**TASK INSTRUCTIONS**. Reproduce the data exactly as given, except for any images.

**RECORDS FOR PROCESSING**.
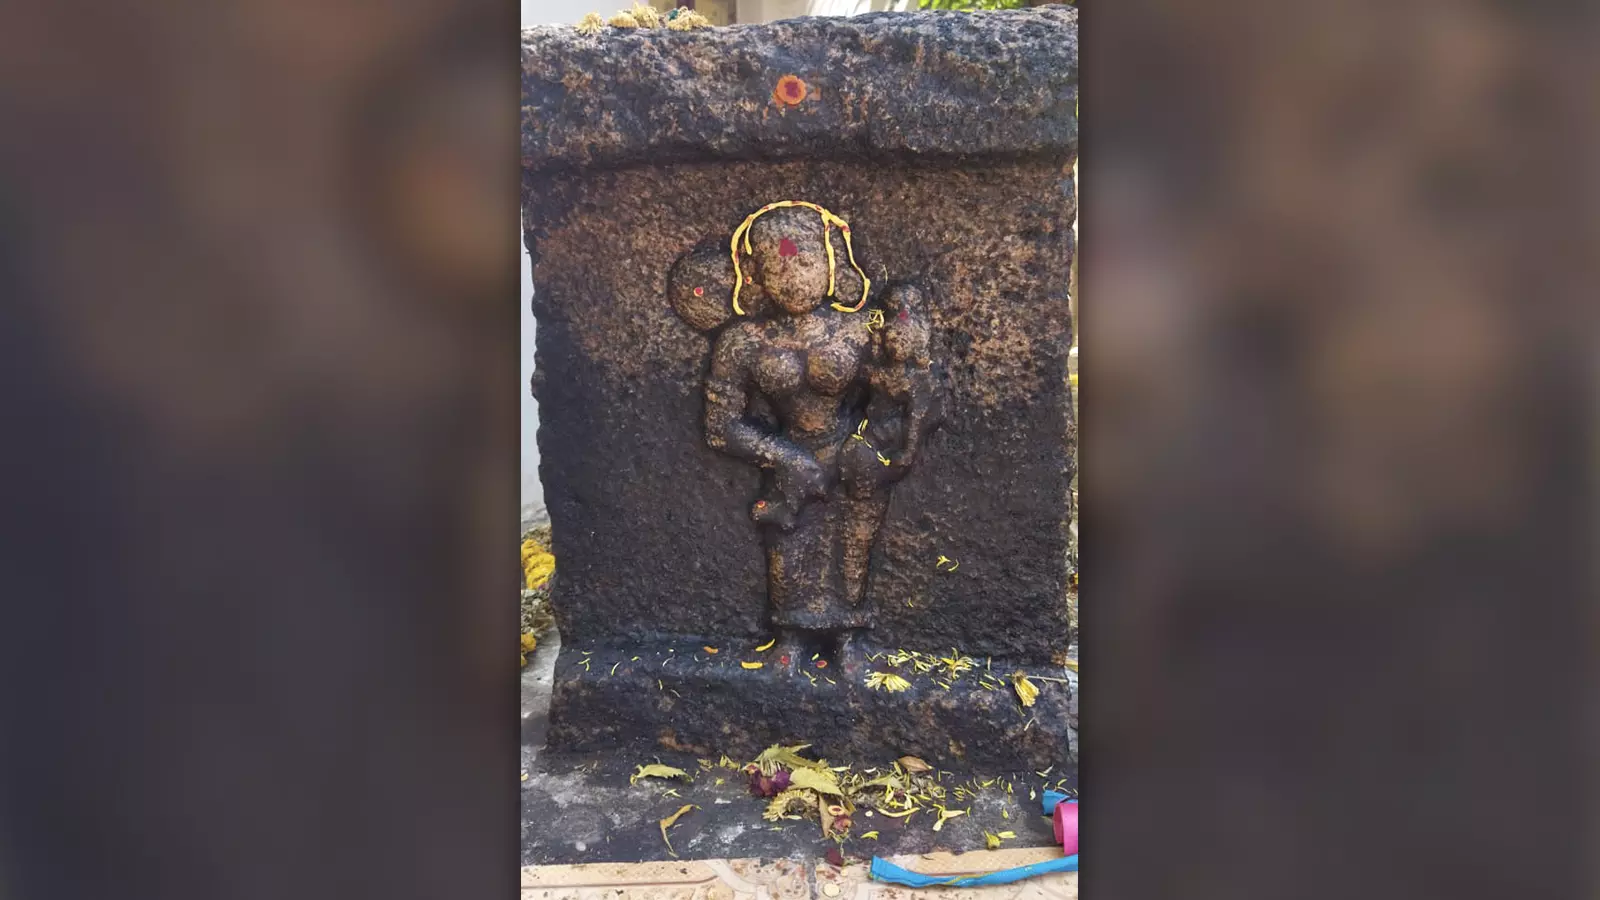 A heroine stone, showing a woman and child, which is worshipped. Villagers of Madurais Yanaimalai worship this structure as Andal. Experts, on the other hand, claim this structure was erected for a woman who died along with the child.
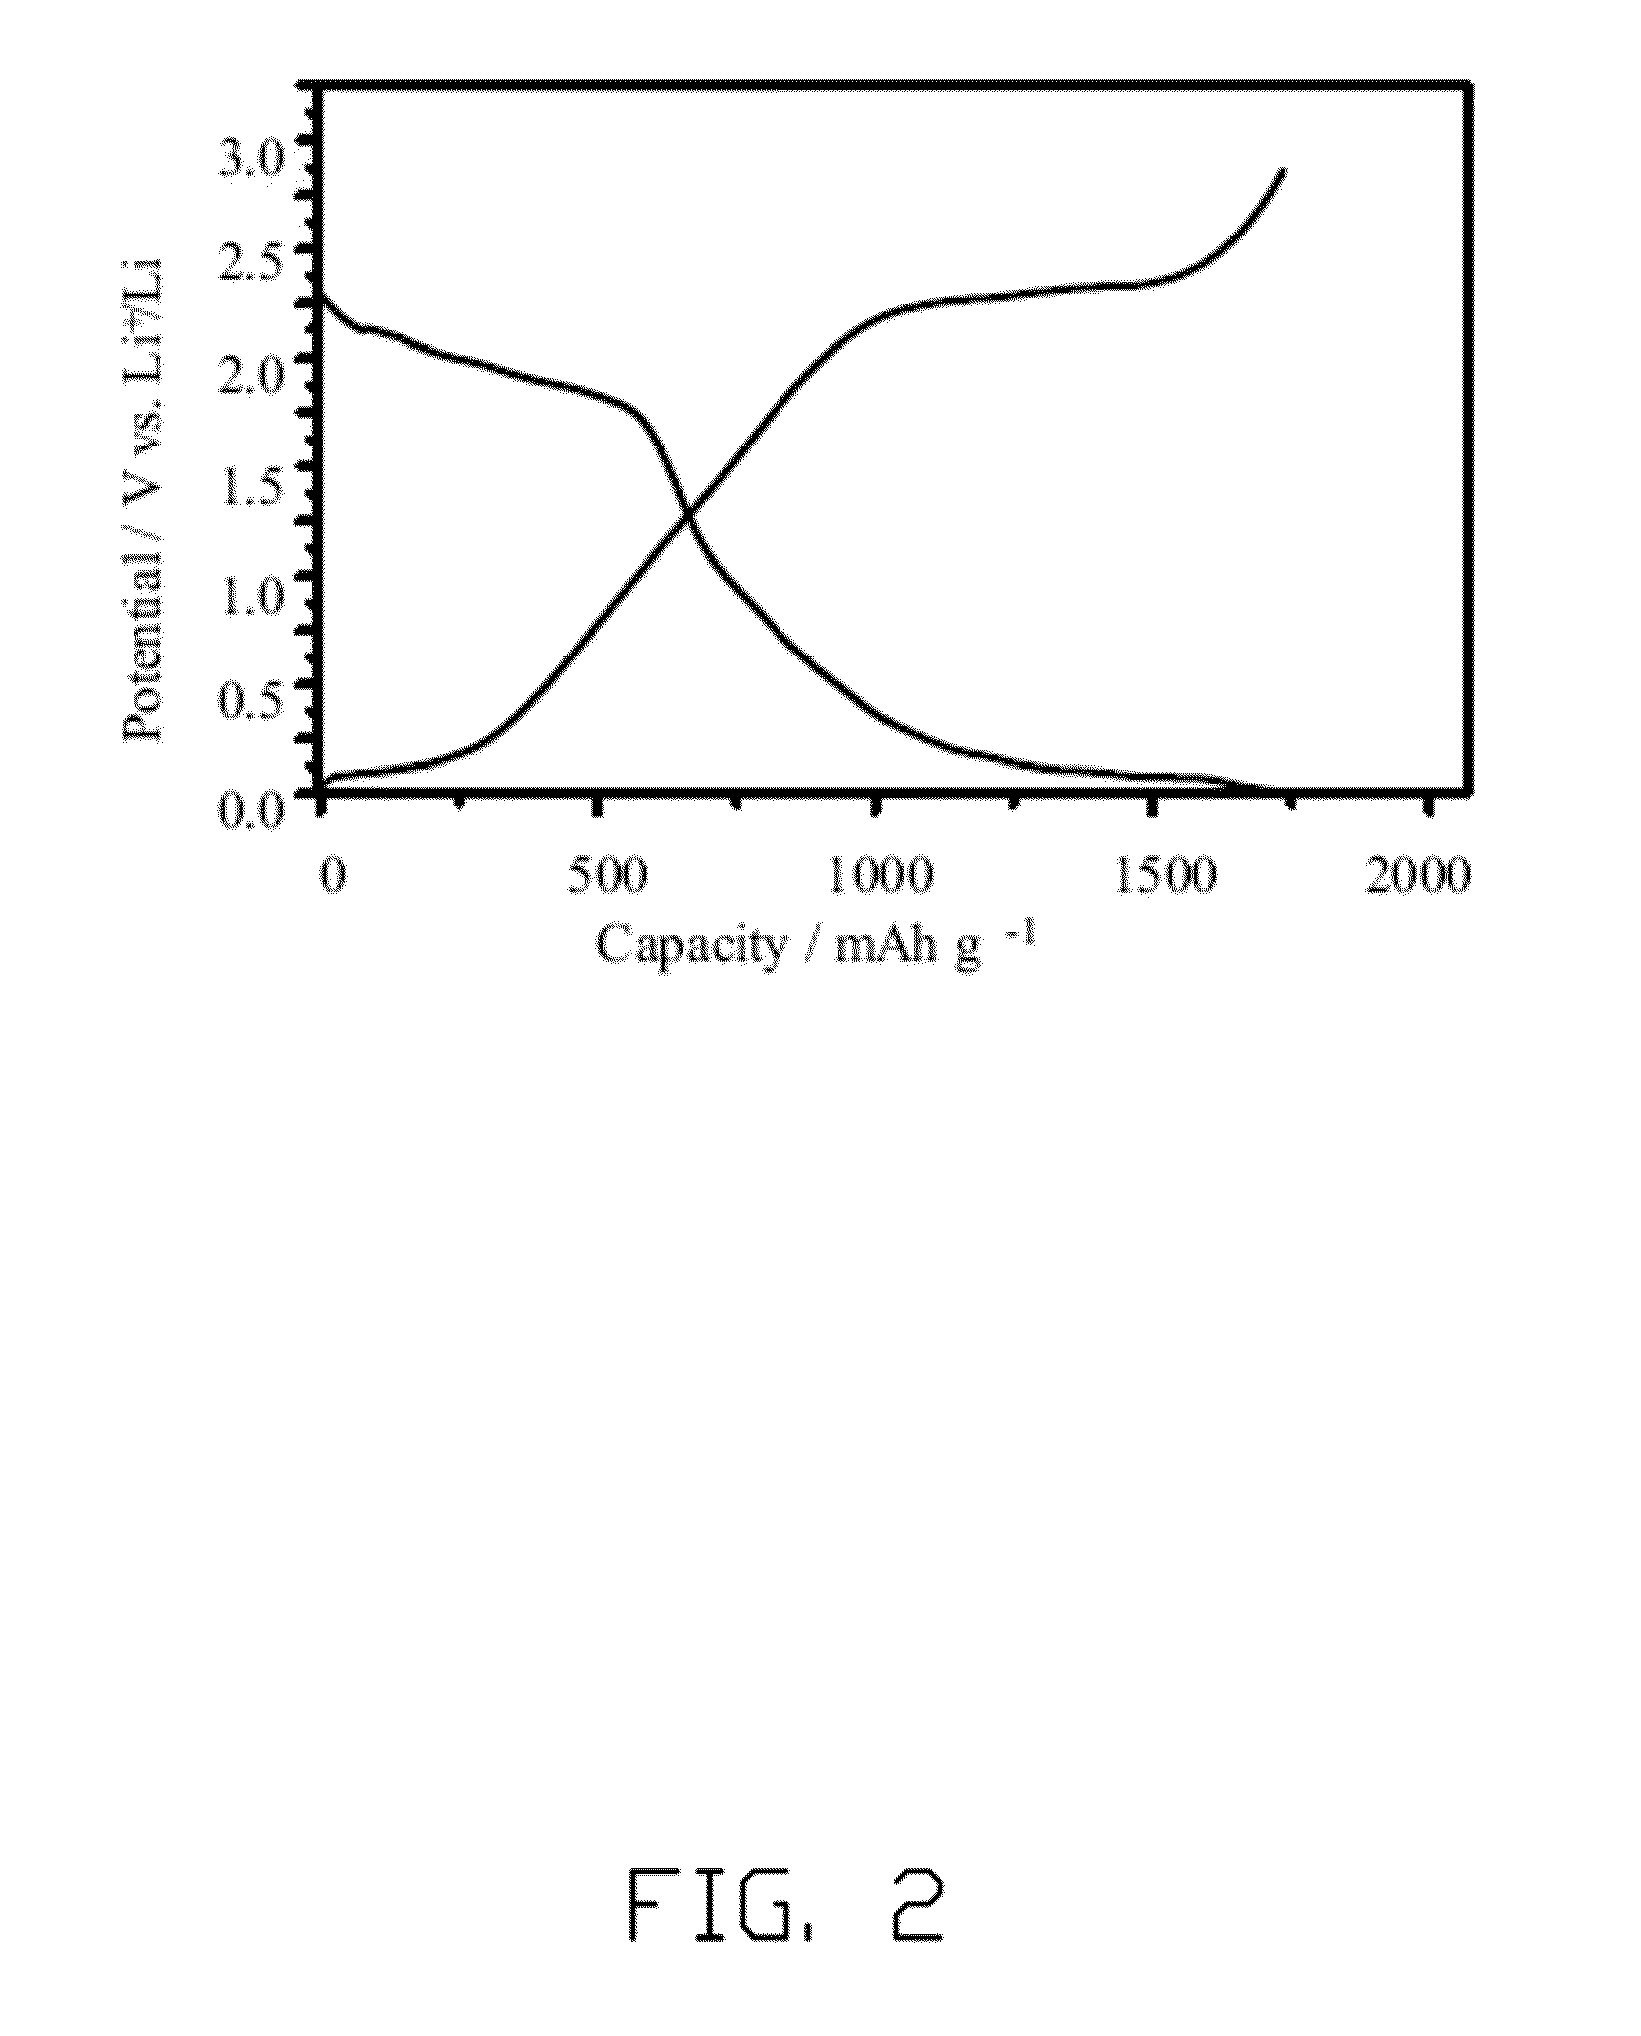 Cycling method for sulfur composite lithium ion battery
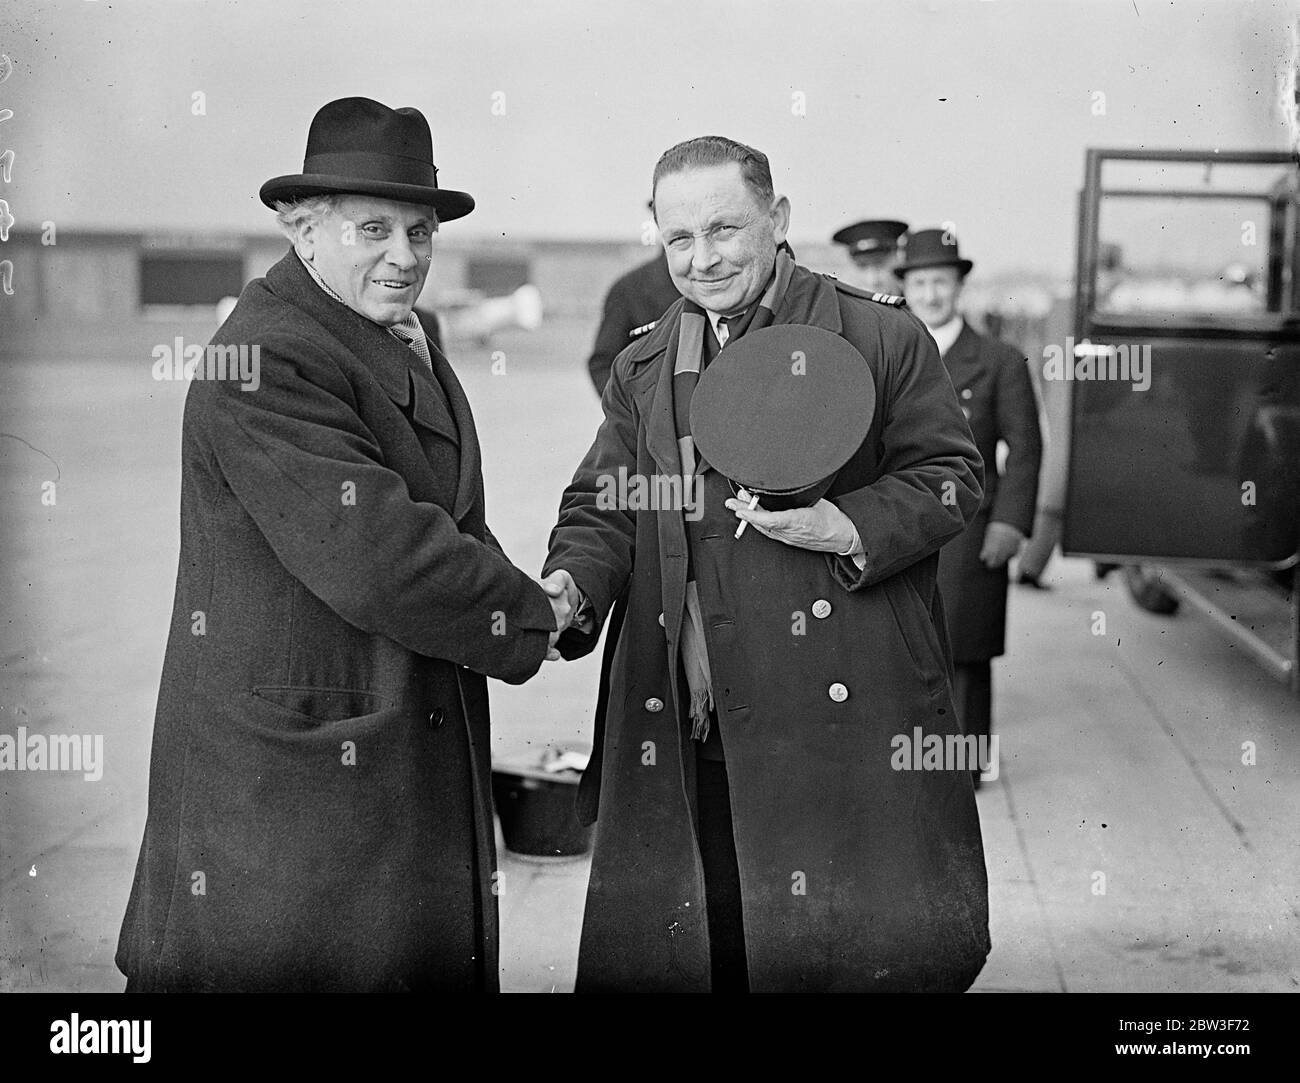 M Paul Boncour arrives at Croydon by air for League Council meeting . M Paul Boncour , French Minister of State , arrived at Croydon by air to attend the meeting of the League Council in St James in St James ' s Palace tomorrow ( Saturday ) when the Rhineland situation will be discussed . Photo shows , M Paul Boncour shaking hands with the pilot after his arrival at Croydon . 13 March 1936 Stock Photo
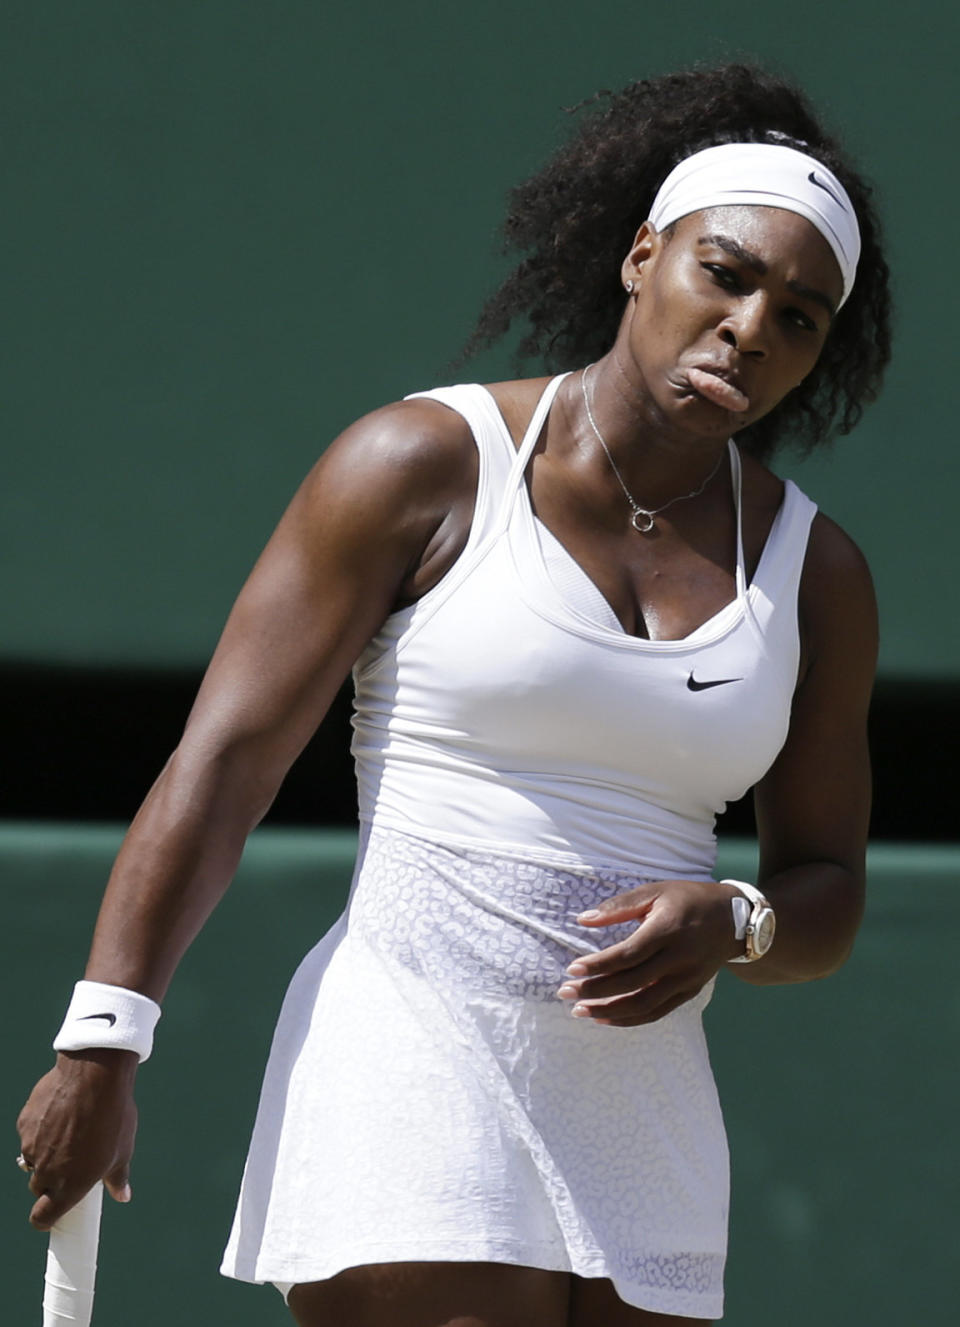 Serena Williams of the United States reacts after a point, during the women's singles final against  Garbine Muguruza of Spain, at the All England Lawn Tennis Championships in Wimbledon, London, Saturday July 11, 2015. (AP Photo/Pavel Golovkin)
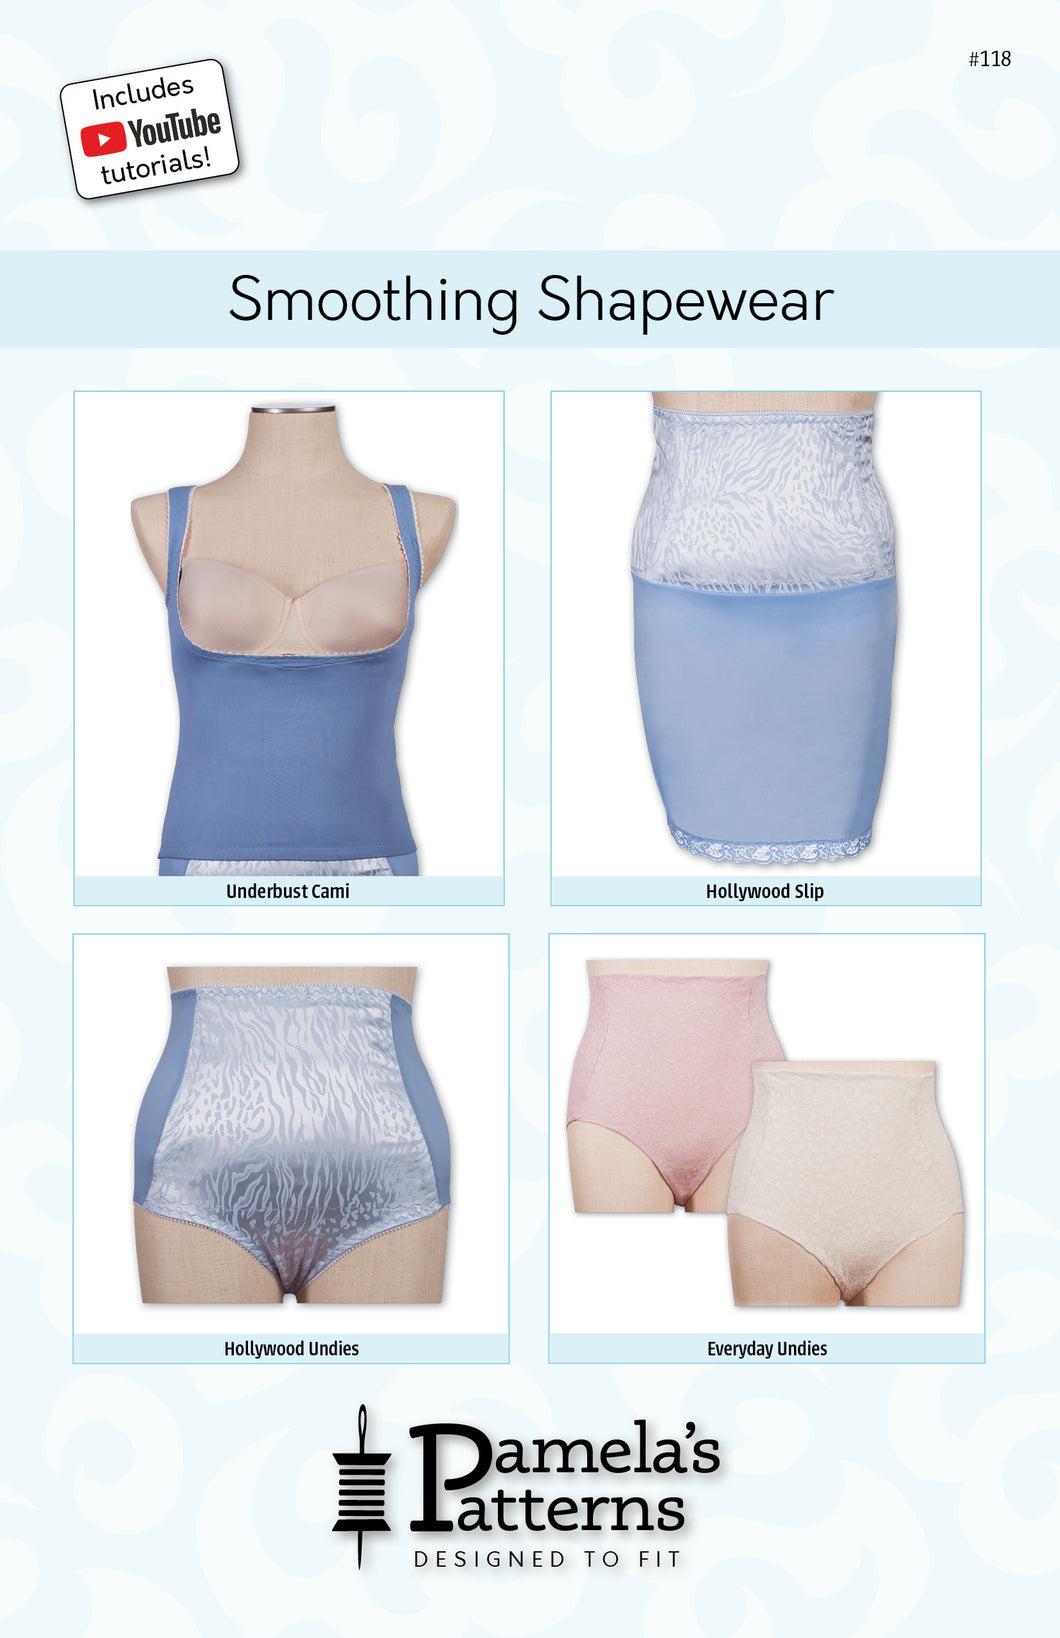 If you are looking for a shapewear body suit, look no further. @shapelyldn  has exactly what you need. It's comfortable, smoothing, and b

**RESPONSE AREA**.
 A heroine stone, showing a woman and child, which is worshipped. Villagers of Madurais Yanaimalai worship this structure as Andal. Experts, on the other hand, claim this structure was erected for a woman who died along with the child.
 Cycling method for sulfur composite lithium ion battery
 M Paul Boncour arrives at Croydon by air for League Council meeting . M Paul Boncour , French Minister of State , arrived at Croydon by air to attend the meeting of the League Council in St James in St James ' s Palace tomorrow ( Saturday ) when the Rhineland situation will be discussed . Photo shows , M Paul Boncour shaking hands with the pilot after his arrival at Croydon . 13 March 1936 Stock Photo
 Serena Williams of the United States reacts after a point, during the women's singles final against  Garbine Muguruza of Spain, at the All England Lawn Tennis Championships in Wimbledon, London, Saturday July 11, 2015. (AP Photo/Pavel Golovkin)
 If you are looking for a shapewear body suit, look no further. @shapelyldn  has exactly what you need. It's comfortable, smoothing, and b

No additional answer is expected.